In the wake of COVID, customers expect more understanding, attention, and empathy from contact center agents. And, left unsatisfied, these same customers are increasingly willing to jump ship and shop competitor brands. But conversely, the subsequent mass consumption of digital has crippled sales opportunities in brick and mortar locations. And, right or wrong, businesses are looking for contact centers to make up a big part of the difference.
This need to make up for lost revenue has proven difficult for CS veterans, many of whom have made a career measured only by the level of service excellence provided. For these contact center agents, the expectation to master selling relatively overnight was, at best, counter-productive.
Fortunately, modern customer service AI platforms can learn sales best practices and the behaviors of a top sales performer. This “superstar” modeling can then be leveraged to transfer knowledge and augment customer service agents, in real-time, with coaching that helps them deliver excellent customer service while also identifying and seizing opportunities to drive revenue. In the last year, we have seen this “service-to-sale” motion gain popularity.

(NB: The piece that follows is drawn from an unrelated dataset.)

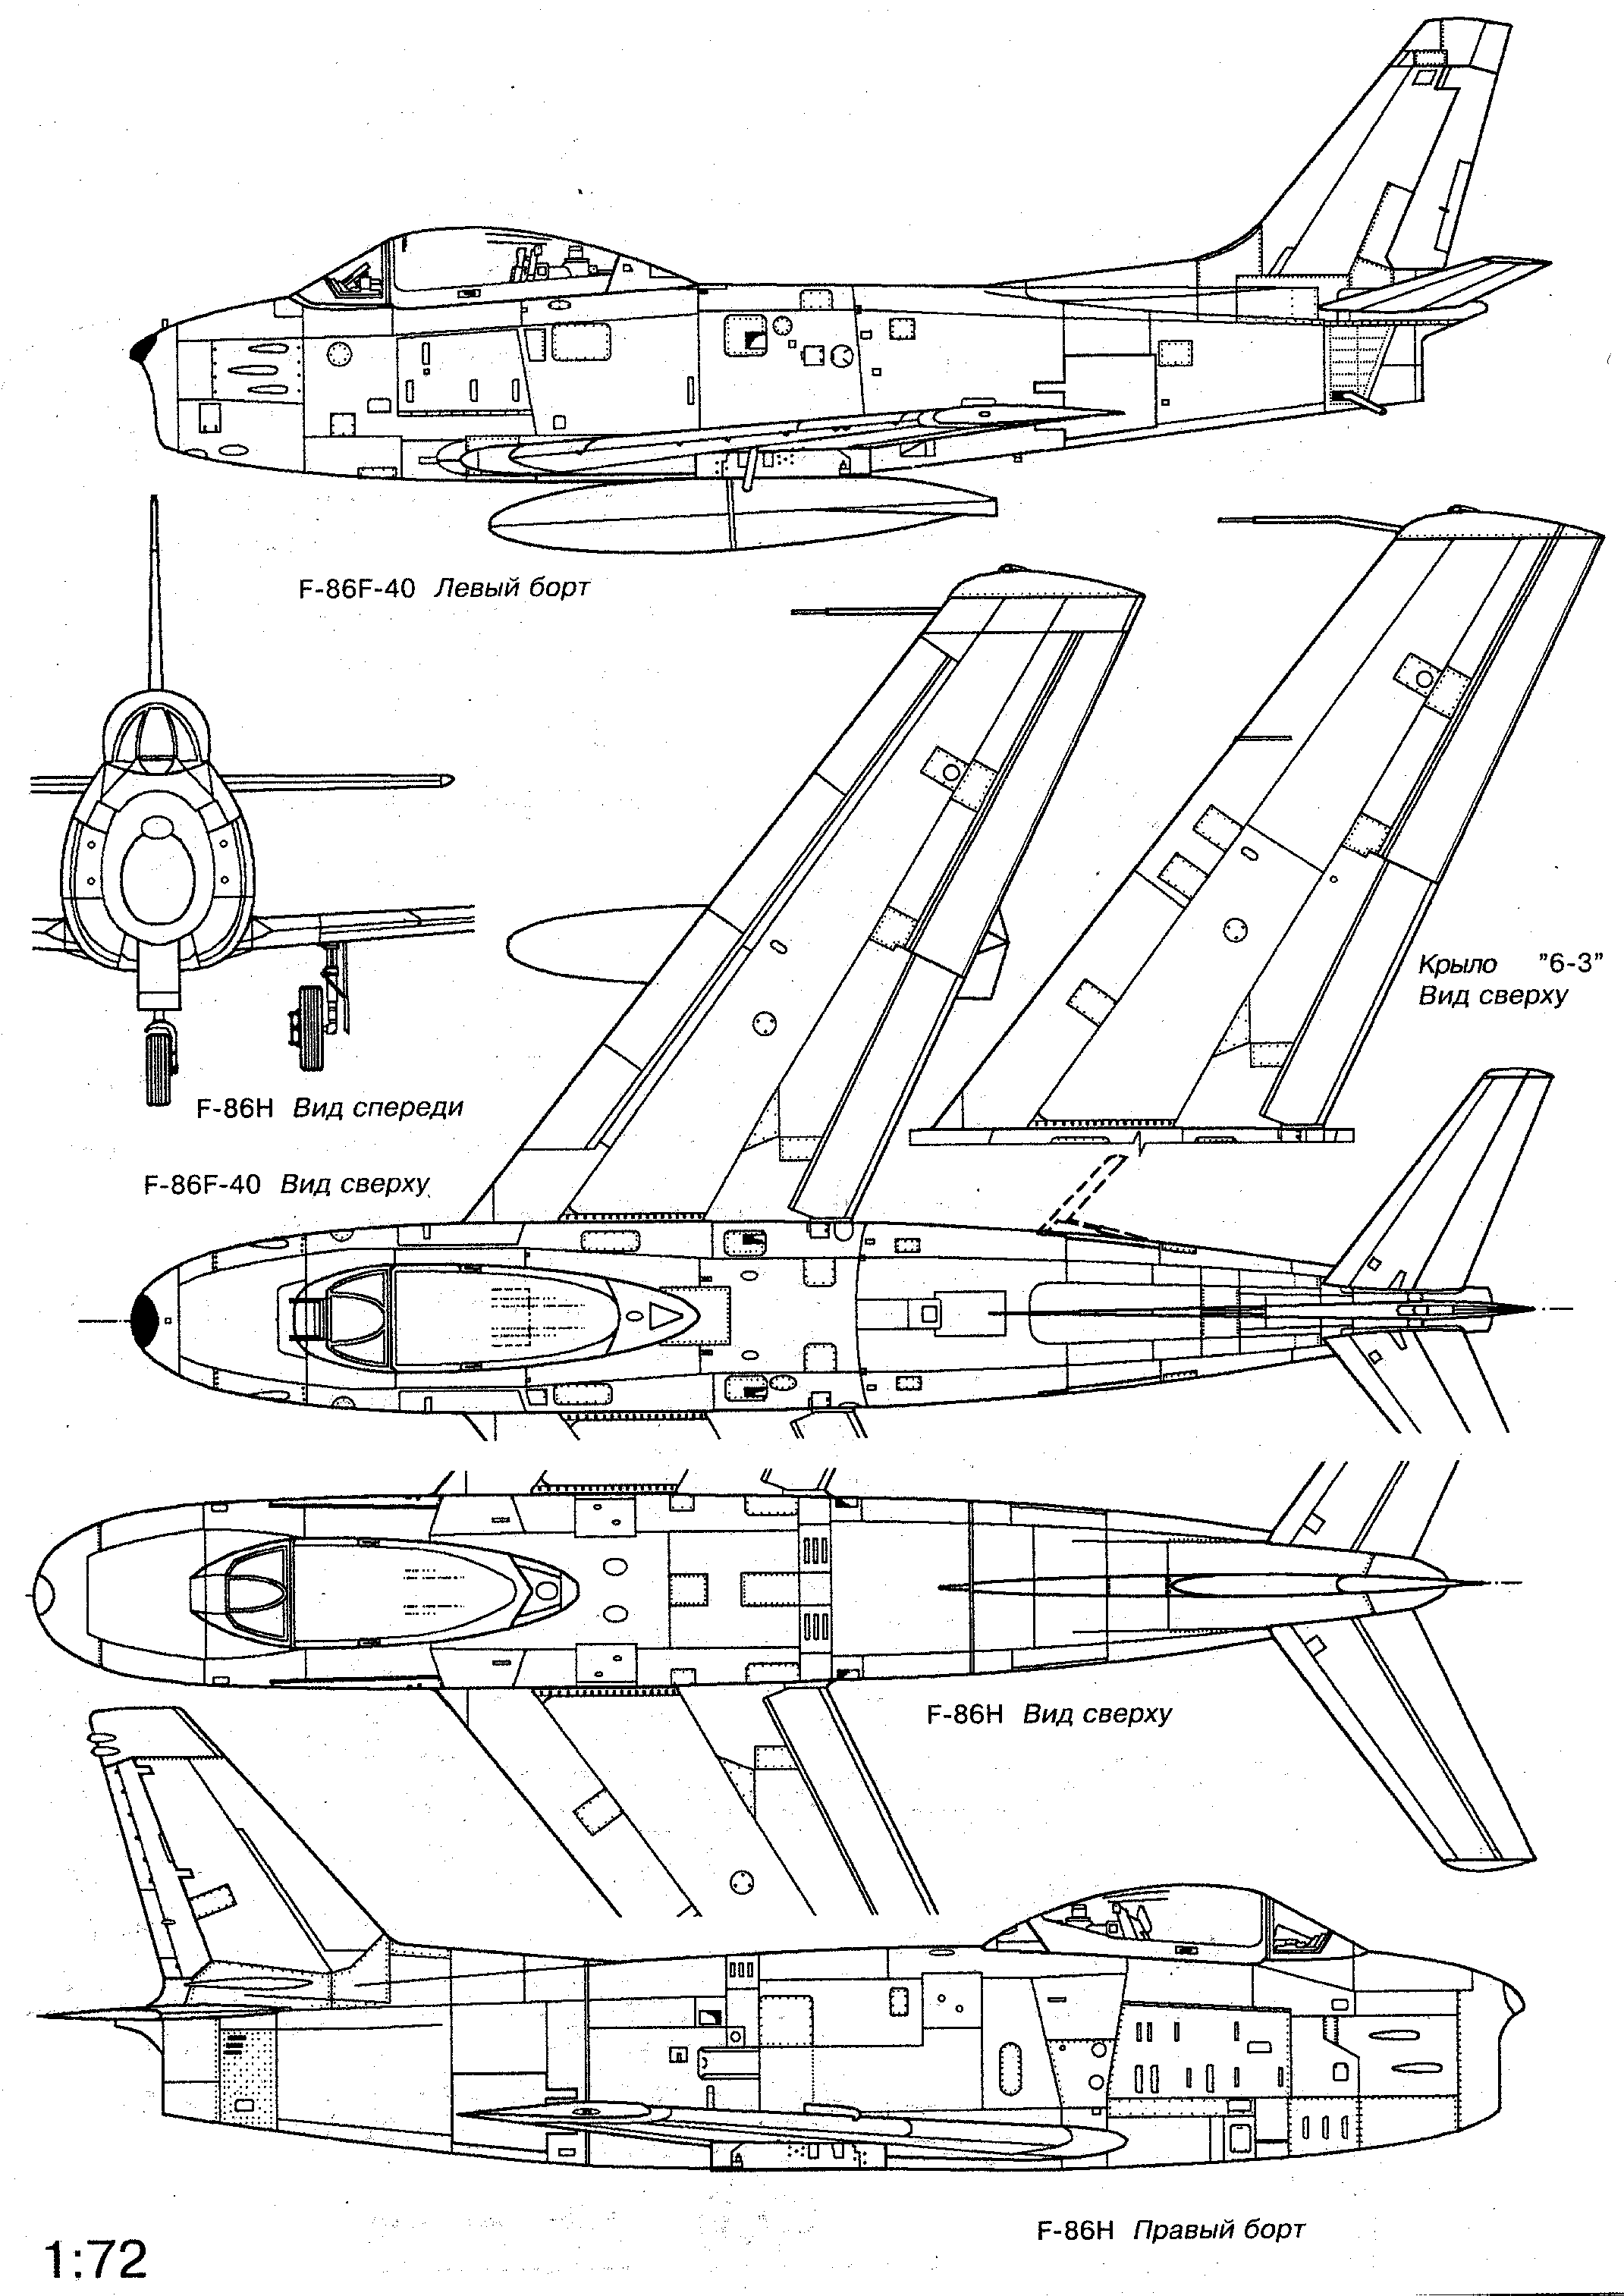 F-86 Sabre blueprint

The effects of this real-world “rising tides raise all boats” approach to customer service enablement can be eye-opening. For instance, the customer service team for a leading internet service provider increased their add-on sales conversions by 38% in the first two months by using our own platform, Cresta. Moving forward, they increased add-on sales by 2.7x overall in their next quarter compared to their pre-Cresta performance.

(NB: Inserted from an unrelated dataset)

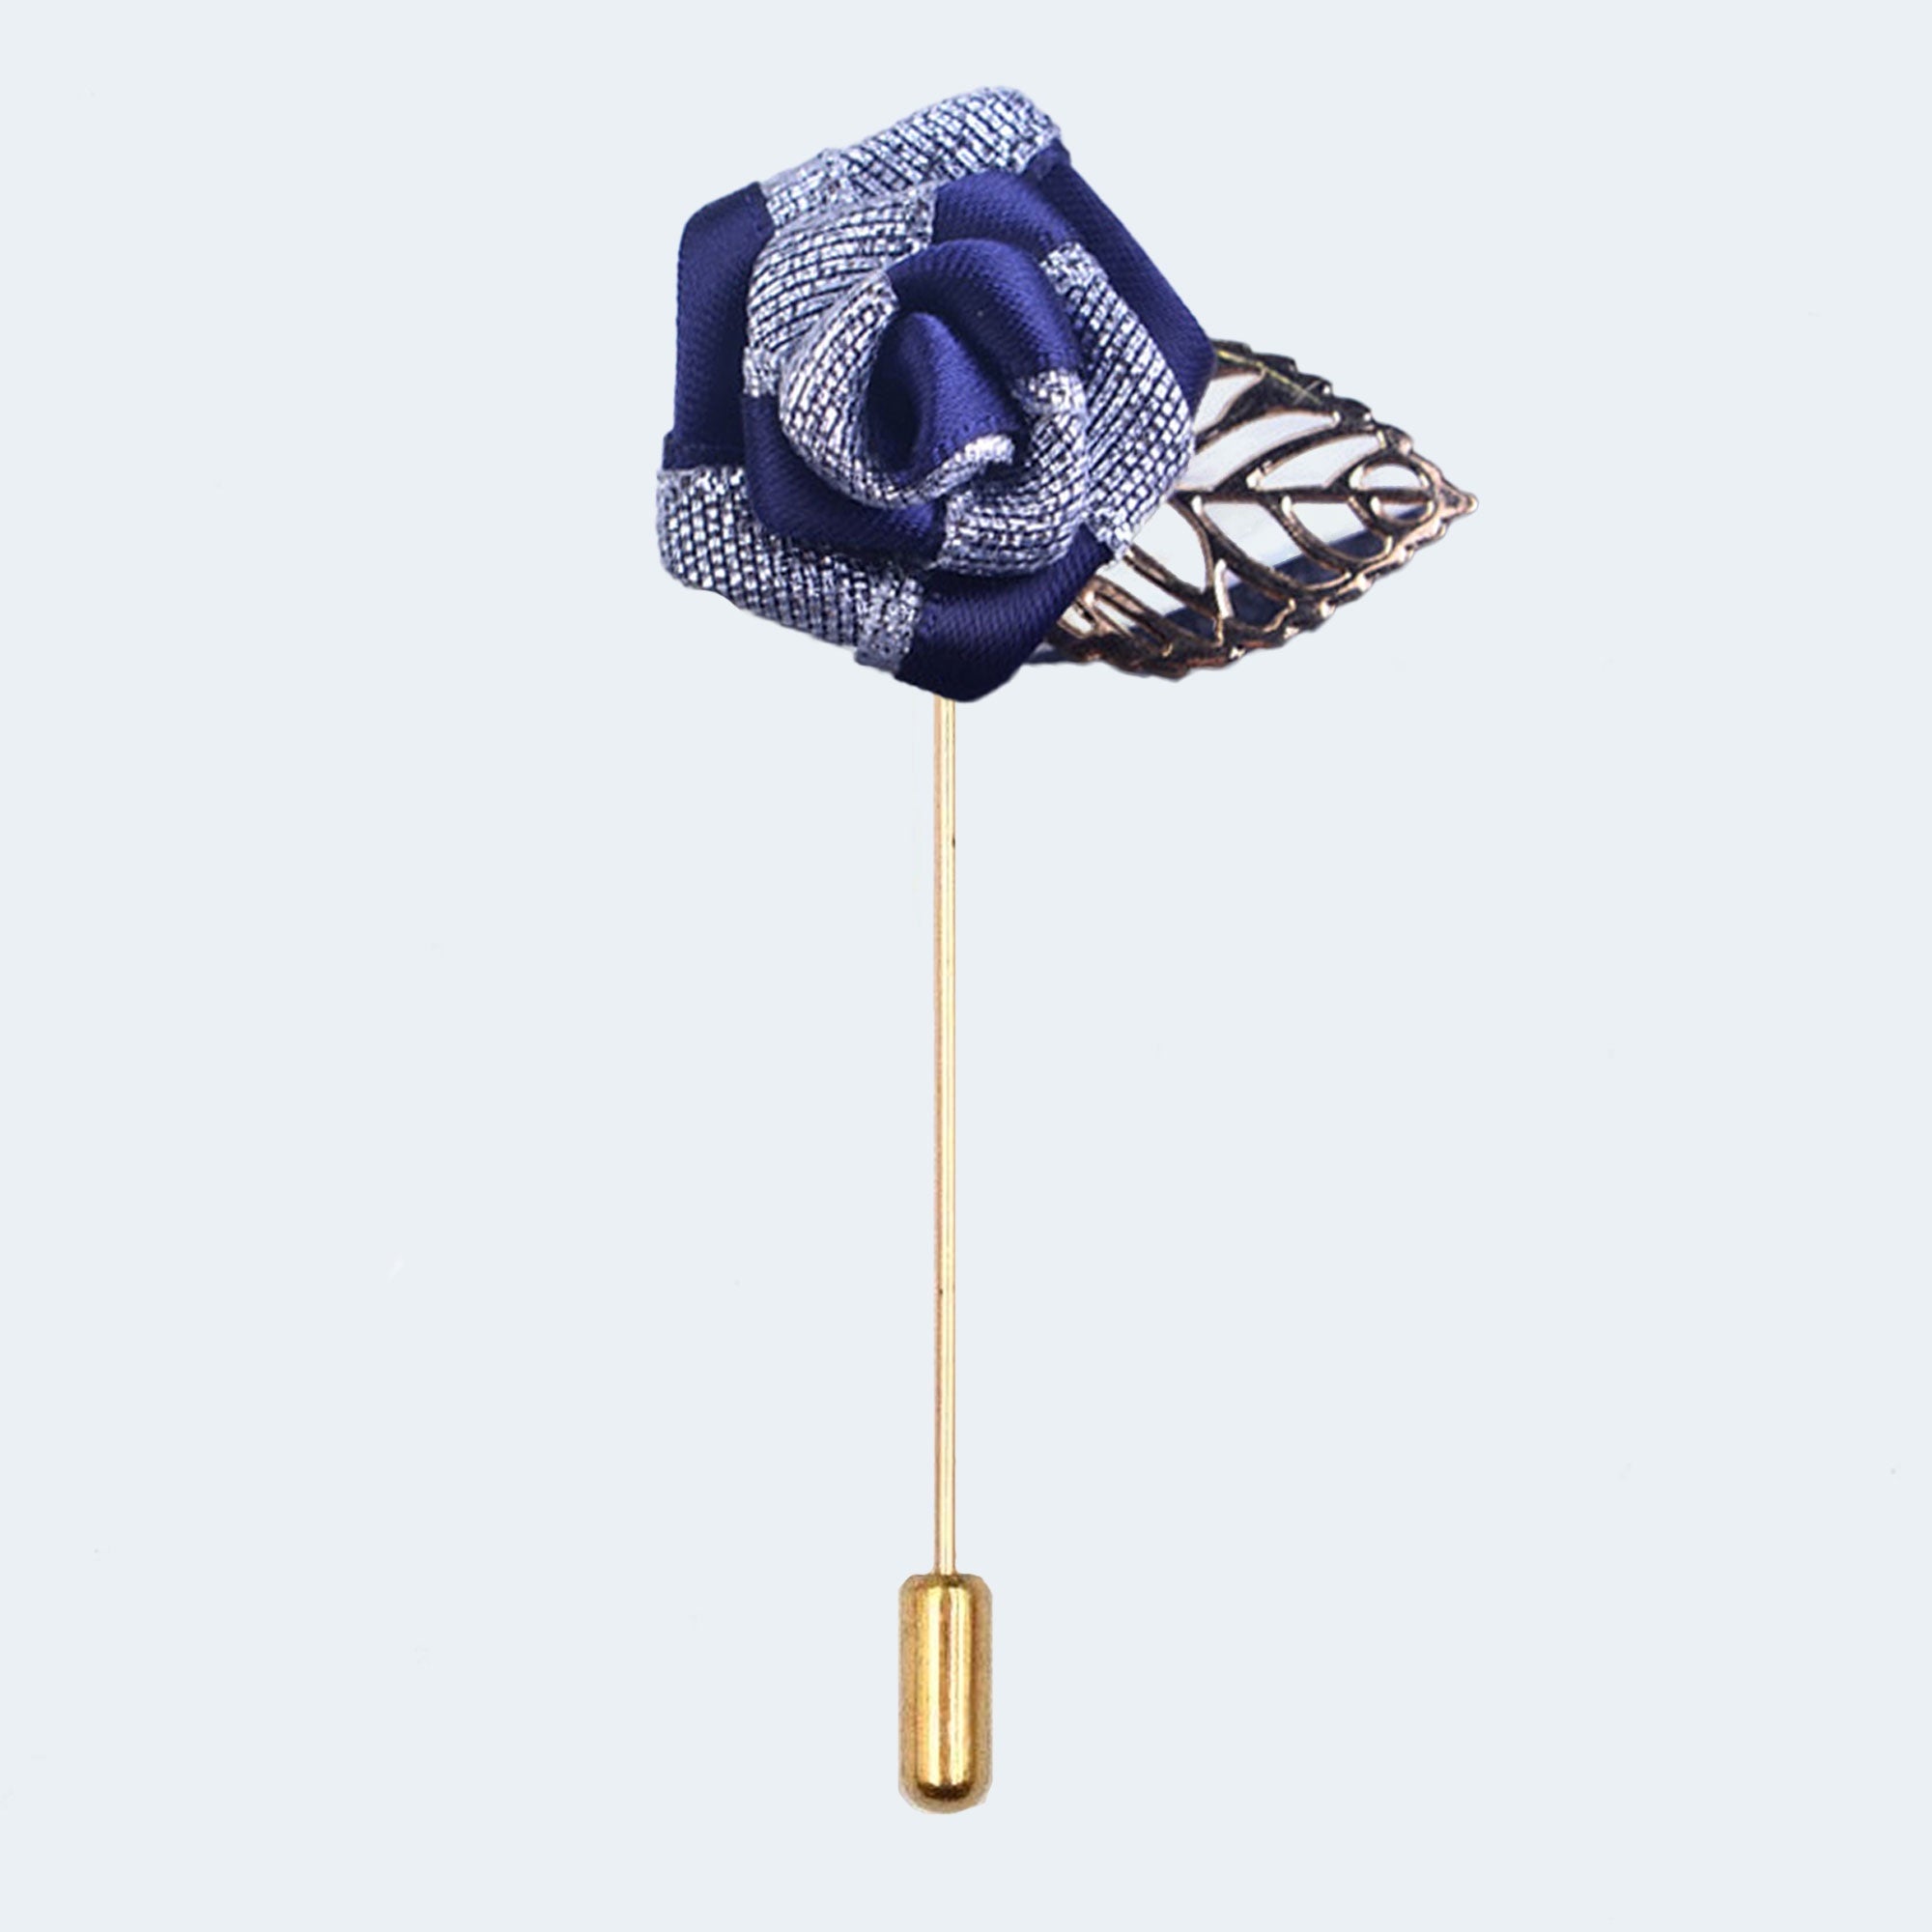 Blue Floral Lapel Pin

Finally, the impact of real-time customer service, when expertly executed, extends beyond the moment of resolving customer issues. It can also increase brand loyalty and the chances for repeat business. This is especially true in recent years, as research shows customers value “average” customer service less over time. Even then, customer satisfaction alone is no longer enough to foster brand loyalty.

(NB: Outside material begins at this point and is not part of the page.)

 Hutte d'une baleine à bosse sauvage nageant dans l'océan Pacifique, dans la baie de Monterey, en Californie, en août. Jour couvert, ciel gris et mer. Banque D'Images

So, the key to customer retention involves linking what customers say to what they actually go on to do. And with real-time AI at the core of your customer care offering, it’s possible to scale beyond the moment to impact customer service in the future.
This brings us to predictive behavior analysis—yet another way to optimize customer service. Customer service-focused AI solutions can now employ pattern logic and sentiment analysis to understand how a customer’s experience will affect their future behavior as a customer. Organizations are using customer emotion, as detected by AI, as an indicator of the customer’s likelihood to renew or churn at a future date. Long silences or voices speaking over one another underscore AI’s understanding of anger or frustration. Or distress identified at the beginning of a call could signal very different things than distress identified at the end of a call.
This ability to “predict the present” improves the effectiveness of customer journeys and algorithmic learning loops that optimize themselves over time, ultimately improving customer service, business outcomes, and a business’s ability to forecast the future.
At the end of it all, customer service has to meet customers where they’re at. And while meeting them in the present was once the ceiling, it’s now become the floor. But know you’re not alone in facing these challenges—real, lasting change is being realized through contact center AI.